Here is the real deal when it comes to Kubernetes. Not only is it easy to play with locally, and somewhat easy to get your k8s application to a production grade level, backed by a major cloud provider: you’ve got full power and total control over compute resources you want to assign to your Pods and their encapsulated containers.

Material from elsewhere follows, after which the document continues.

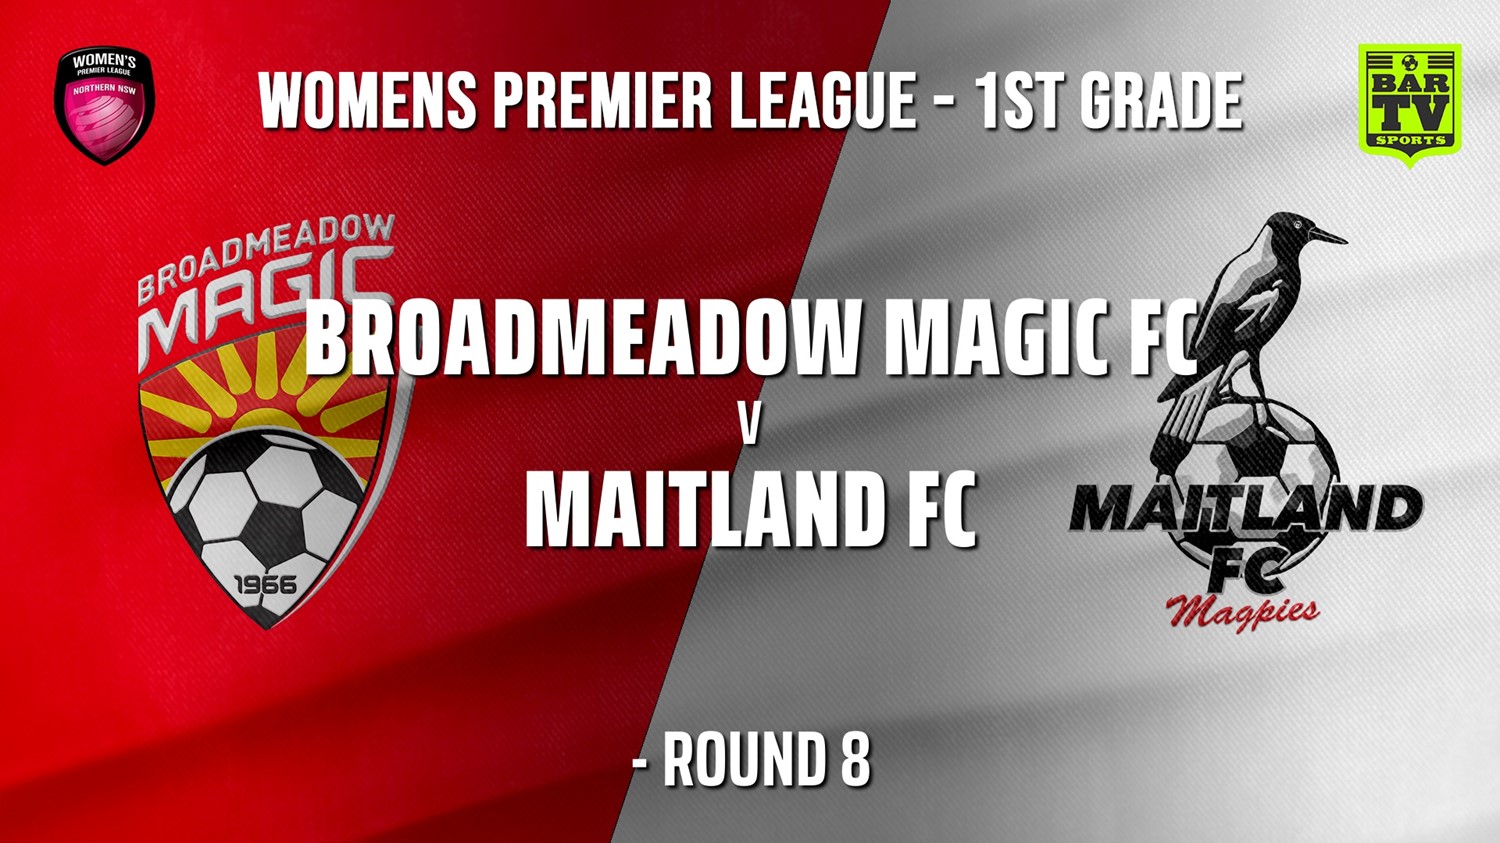 210521-Herald Women’s Premier League Round 8 - Broadmeadow Magic FC (women) v Maitland FC (women) Slate Image

See by yourself on this extract from a Pod definition:

resources:
  requests:
    memory: "128Mi"
    cpu: "200m"
  limits:
    memory: "128Mi"
    cpu: "200m"

In this example we are assigning, as in requesting and limiting, 128MiB of memory and 200 milli (0.2, as in 1/5, yes just one fifth) of a Virtual CPU for some container to run with. Now that might sound awkward to someone not used to managing servers, be they virtual or not, but overall the average CPU and memory usage is never really pushed to the limit without unexpected consequences and unreliable latencies for your application. Having a dozen Kubernetes hosted containers, each running an API receiving requests per minute in the thousands, here is what the CPU usage looks like:

Sorry about the spike that is displayed as the maximum with 5.91% of a CPU core used! The average Node.js container running an API (Koa, Express…) will use roughly 100Mb of memory and as little CPU as you can see above, depending on what the code is doing, and obviously the traffic received. Same goes for .NET, Python and many others… This is about granularity, infinitely small resource management that empowers you to get more from your servers, by increasing the density of your applications. No doubt with just 1 reasonably sized machine you can host more than you ever thought of. Make that 3 smaller machines, deploy your Pods as a Deployment, and you achieve fault tolerance without even actioning it: the deployment controller will automatically re-provision your Pods across your machines if one ever goes down, in seconds.

Feel the love growing?

Density equals cost savings

Now, here is the big deal with Kubernetes. Forget about fault tolerance, convenient local development, automation, and all of the Kubernetes goodies like DeamonSet, CronJob resources, or pre-made and production ready Helm charts. With this granular control over compute resources, increase the density of the applications deployed on your servers and that is how your cost reports will look like along the way:

Efficient, developer friendly, budget friendly… There is no questionning why the tech industry is moving to Kubernetes, or at least containerizing!